## [What to work on]
Exactly as written, retype the listing below, omitting the pictures.

## [Provided material]
>>>>>

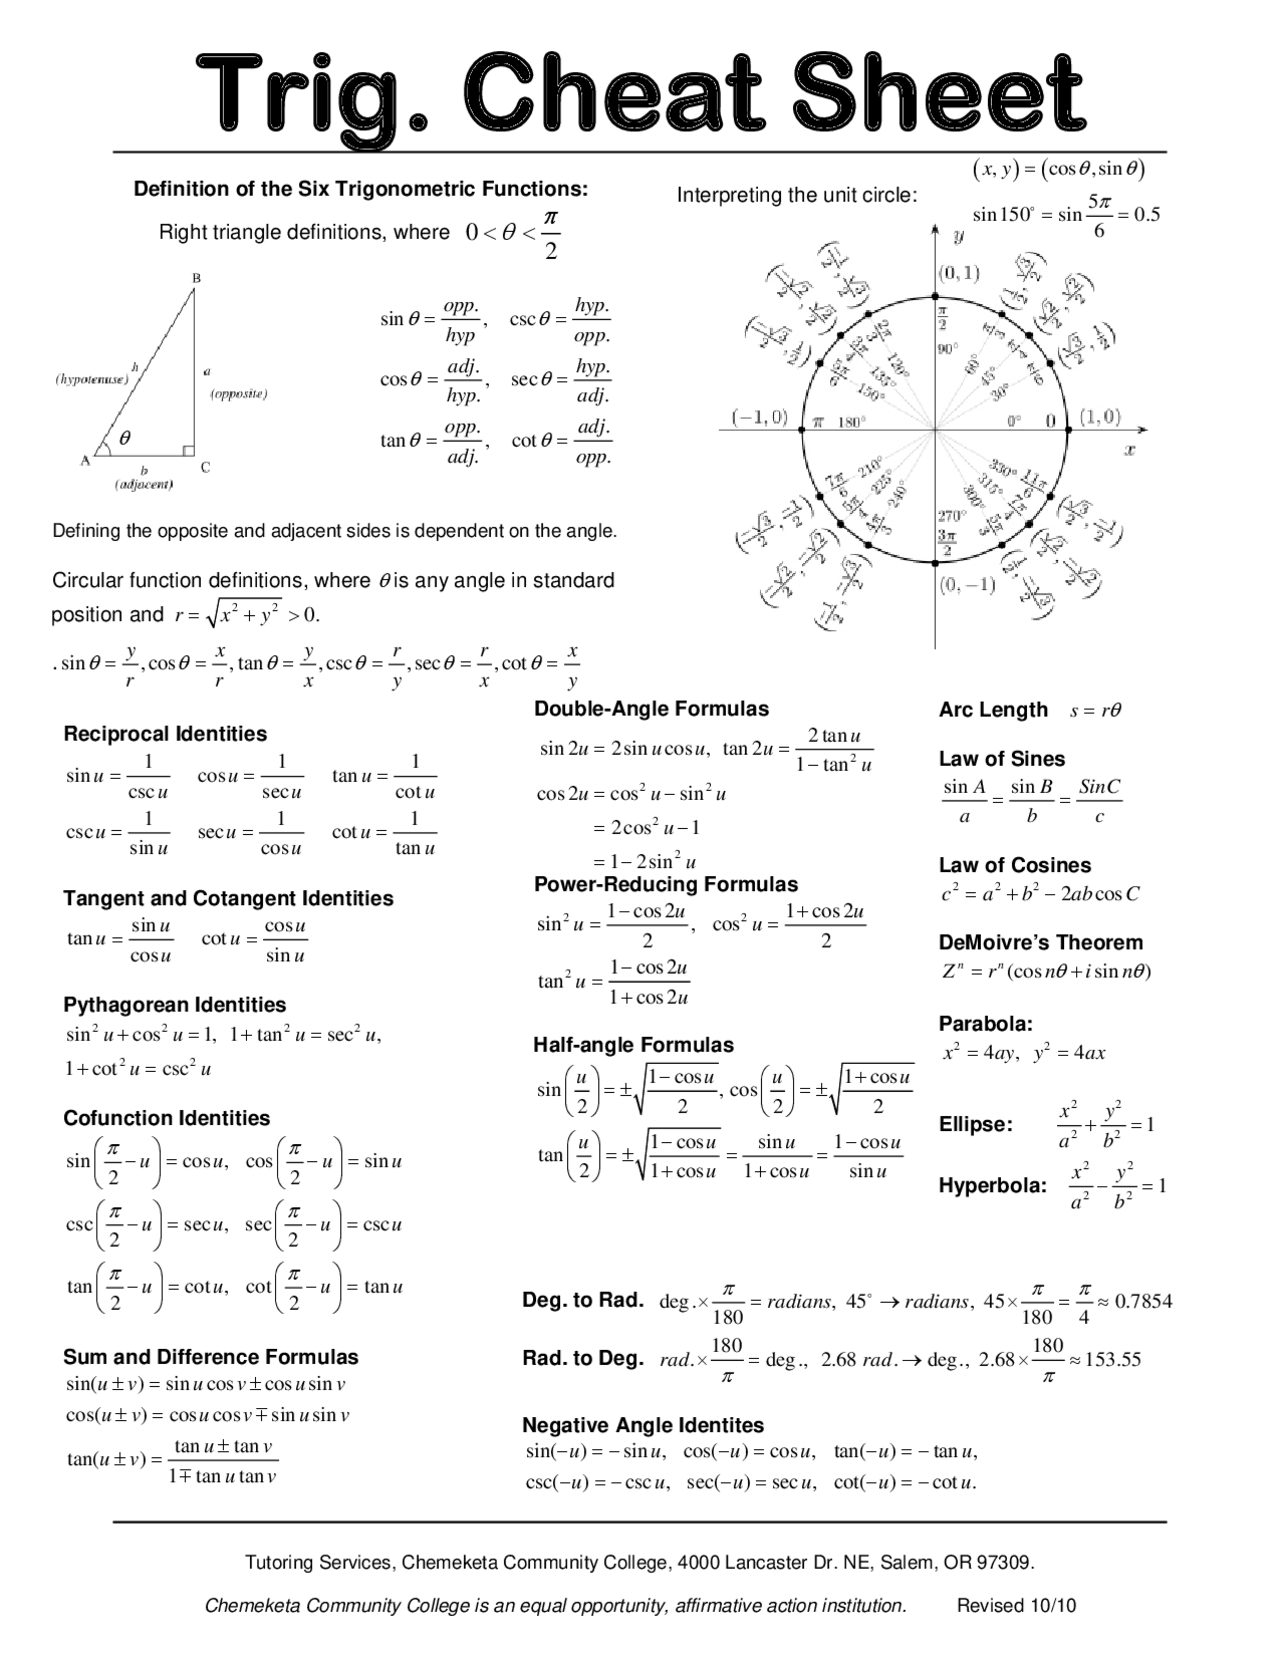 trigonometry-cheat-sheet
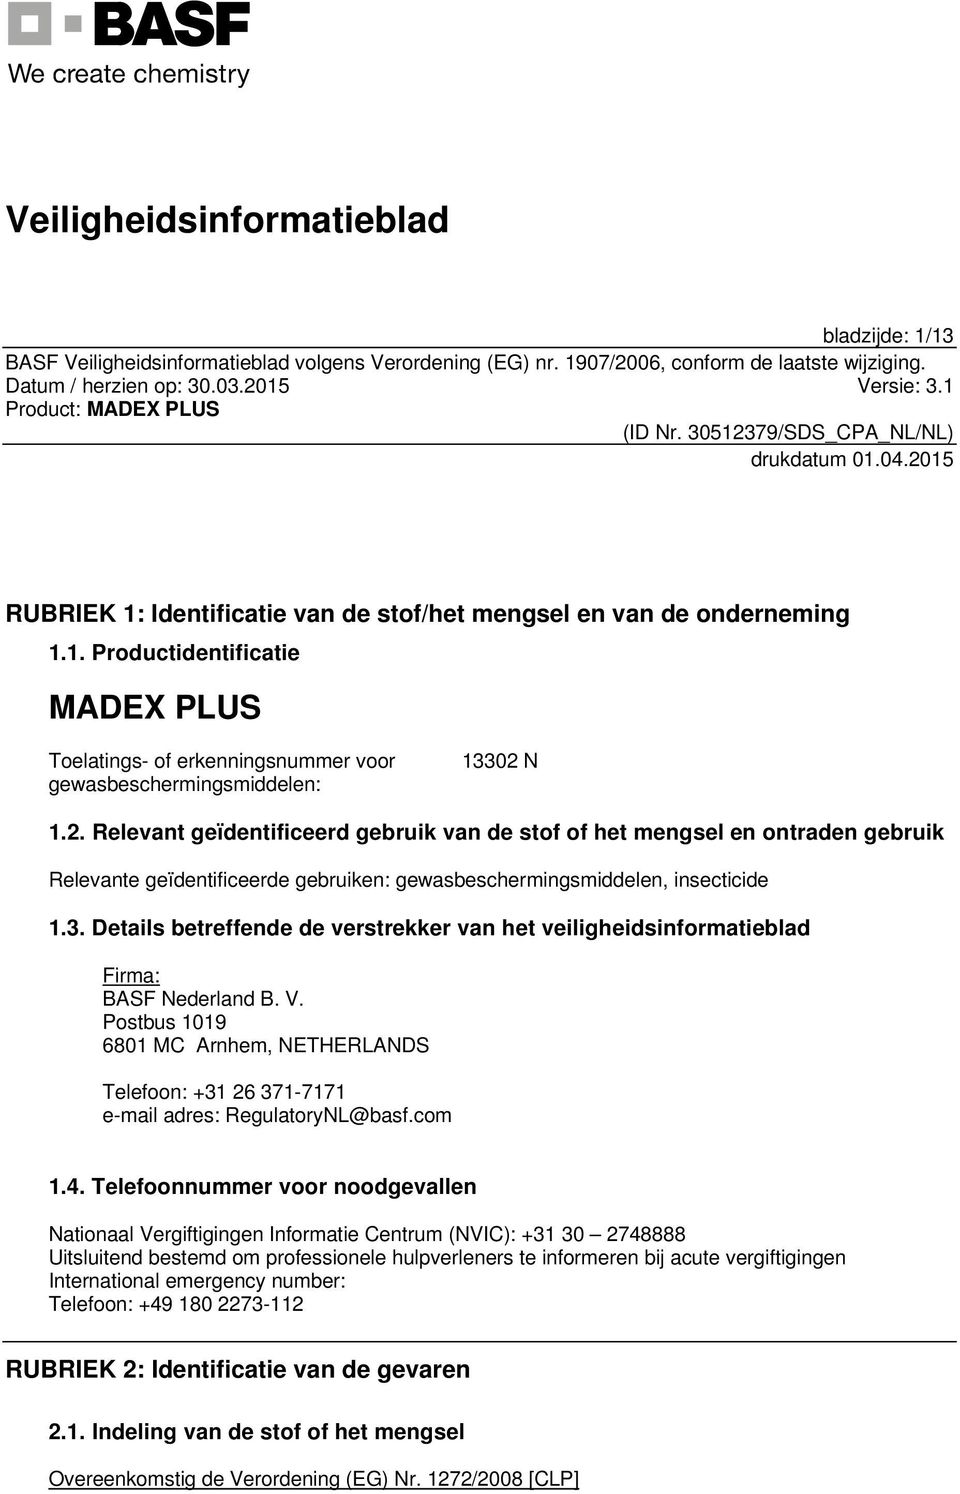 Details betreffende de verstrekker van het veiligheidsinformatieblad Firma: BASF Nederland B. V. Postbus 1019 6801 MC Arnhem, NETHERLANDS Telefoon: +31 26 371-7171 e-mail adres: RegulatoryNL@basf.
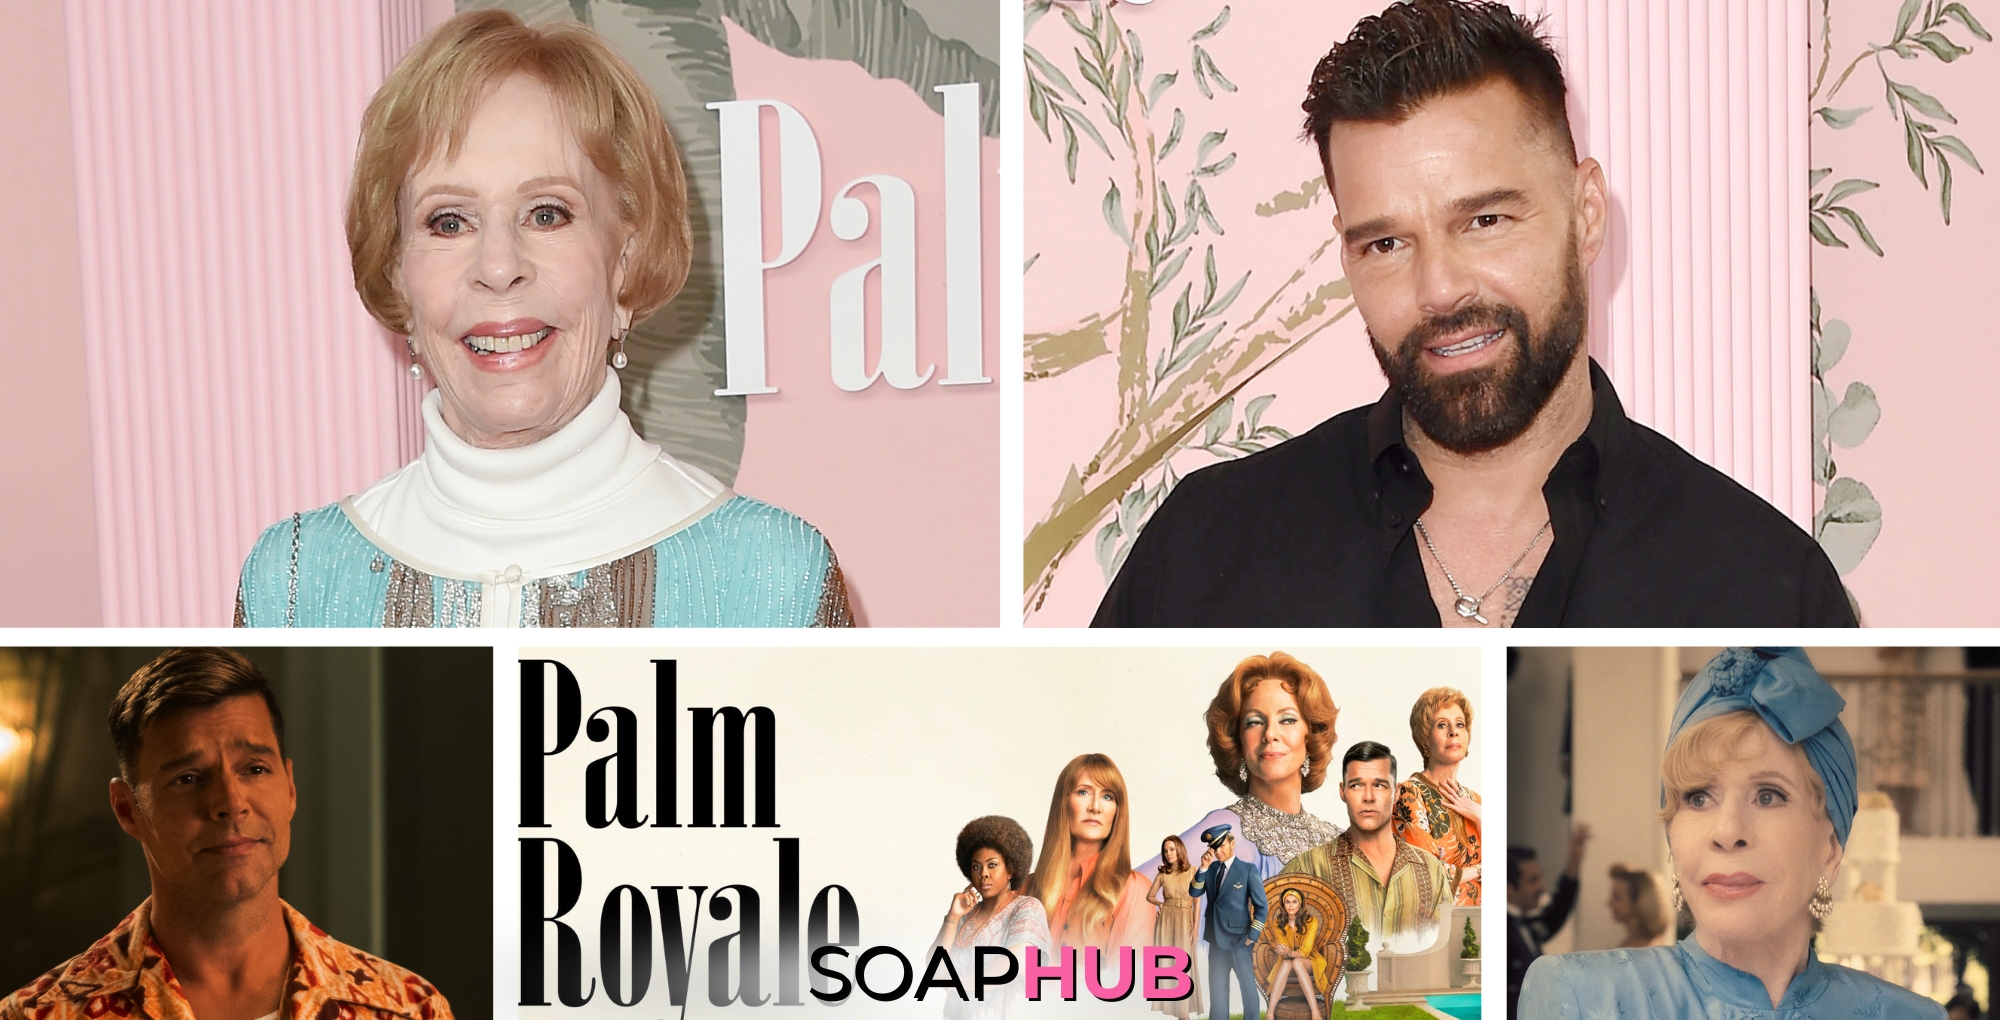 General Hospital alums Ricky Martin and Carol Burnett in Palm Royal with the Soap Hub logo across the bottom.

<<<<<

## [Task output]
 trigonometry-cheat-sheet
 Details betreffende de verstrekker van het veiligheidsinformatieblad Firma: BASF Nederland B. V. Postbus 1019 6801 MC Arnhem, NETHERLANDS Telefoon: +31 26 371-7171 e-mail adres: RegulatoryNL@basf.
 General Hospital alums Ricky Martin and Carol Burnett in Palm Royal with the Soap Hub logo across the bottom.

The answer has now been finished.